We notice that we call the function on a, but instead of changing the NA values in a, the function takes the x literally and changes external object x. How can we make global assignment dynamic, instead of sticking to the name "x"? Here is how:

x <- c(1, NA, 2, NA, 3)
a <- c(1, NA, 2, NA, 3)
na2zero <- function(x){
  tmp <- substitute(expression(x[is.na(x)] <<- 0))
  eval(eval(tmp))
}
na2zero(a); cat("x=", x, "\n"); cat("a=", a, "\n")
na2zero(x); cat("x=", x, "\n"); cat("a=", a, "\n")

Why does it work this way? It is related to R's lexical scoping. More details can be found in R's manual, or do help.search("scoping") in R.

Efficiency in R

One common criticism on R is on its performance. Yes, compare with some other programming languages, R is not designed to optimize for performance. But there are still lots of tricks (and pitfalls) in R that we can pay attention to improve its performance.

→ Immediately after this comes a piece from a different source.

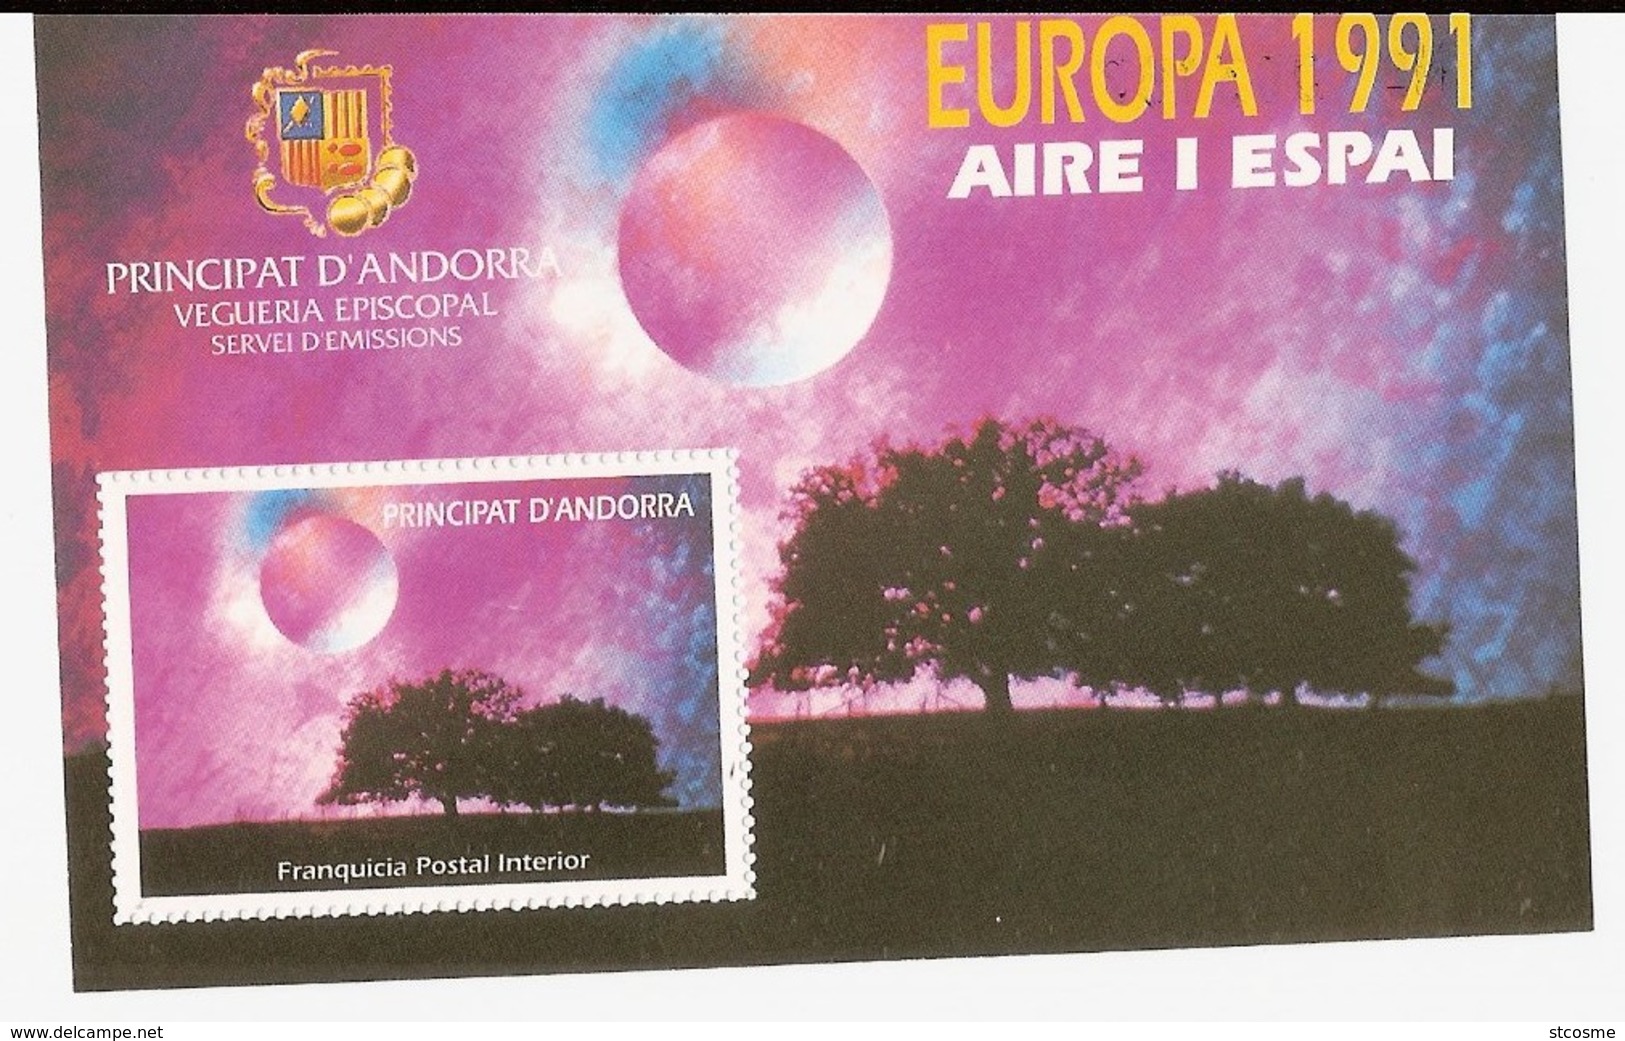 Viguerie D'Andorre - Andorra - Bloc Feuillet De 1991 - Europa 1991 Air Et Espace - Viguerie Episcopale
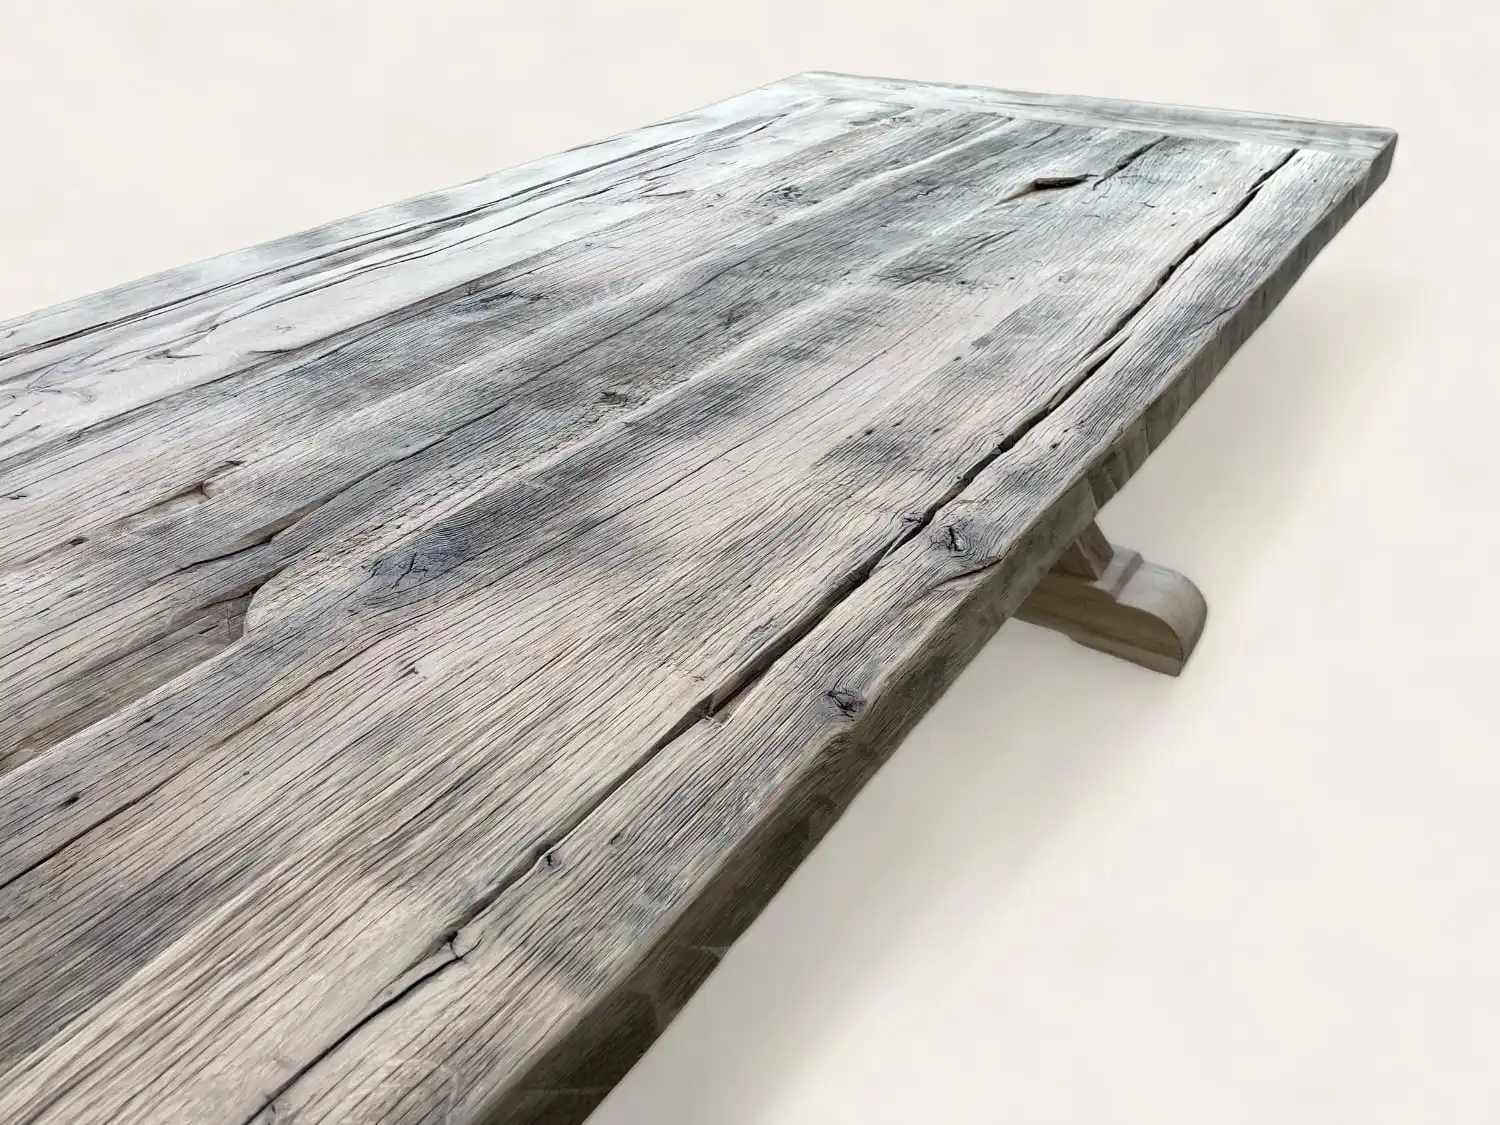 Vue rapprochée d'une table de ferme rustique avec une surface patinée et des motifs de grain de bois visibles.

When an object is passed into a function, it is not automatically copied to a new object, unless some modification of this object, or implicit declaration of a derivative object is needed inside the function. Therefore, please avoid unnecessary modification of a large object, or try to construct another large object based on it, since some seems-to-be-minor operation may actually trigger a lot of copy load. See example:

a <- rnorm(1e+09) # make a large object
fun1 <- function(vec) {
  mean(vec) + 1
}

fun2 <- function(vec) {
  mean(vec + 1)
}

> system.time(fun1(a))
   user  system elapsed 
  9.594  32.137 123.823 
> system.time(fun2(a))
   user  system elapsed 
 12.039  44.128 203.475 

The first function takes vec and scan it to calculate the mean. The second function first construct a new object vec + 1, and then pass that into the mean() function. When the vec object is large, computing vec + 1 is expensive.